| Your instructions |
Everything in the listing below needs restating exactly, apart from the pictures.

| Provided data |
━━━━━━━━━━━━━━━━

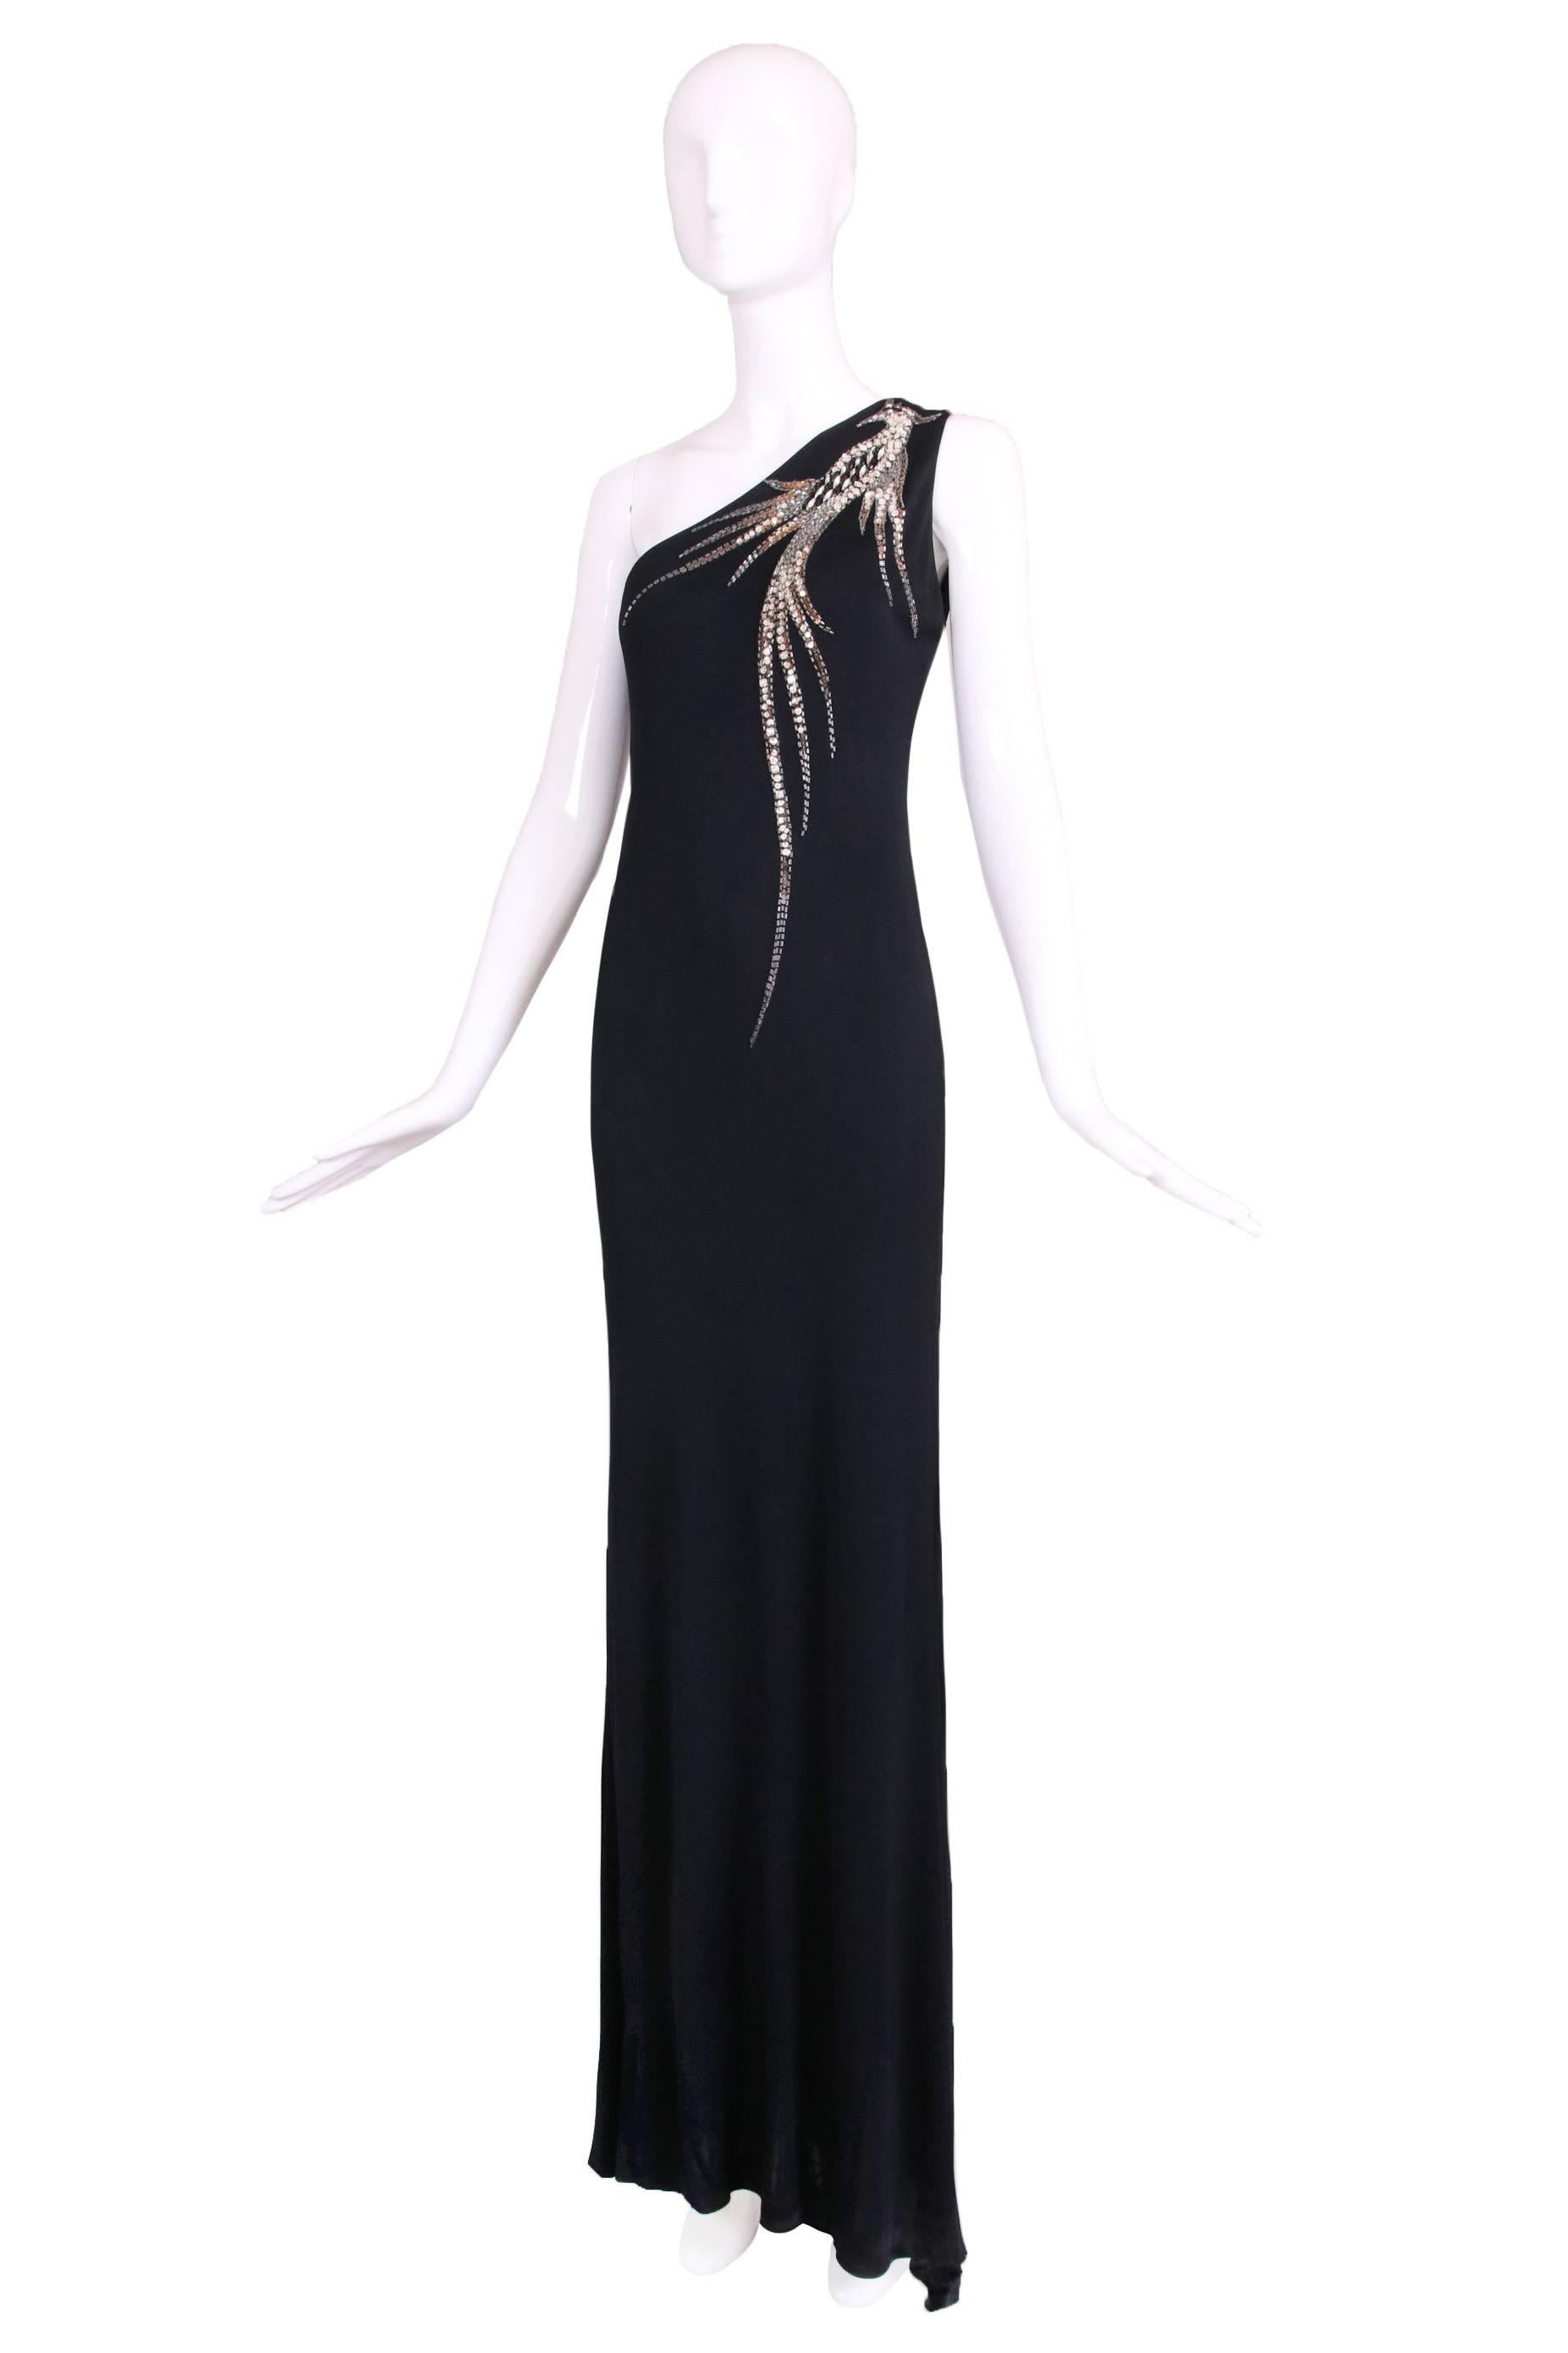 1970's Bob Mackie black silk jersey single-shoulder evening gown with beaded and sequined firebird design. In excellent condition. Please consult measurements.
MEASUREMENTS:
Bust - 35

━━━━━━━━━━━━━━━━

| Your response |
 1970's Bob Mackie black silk jersey single-shoulder evening gown with beaded and sequined firebird design. In excellent condition. Please consult measurements.
MEASUREMENTS:
Bust - 35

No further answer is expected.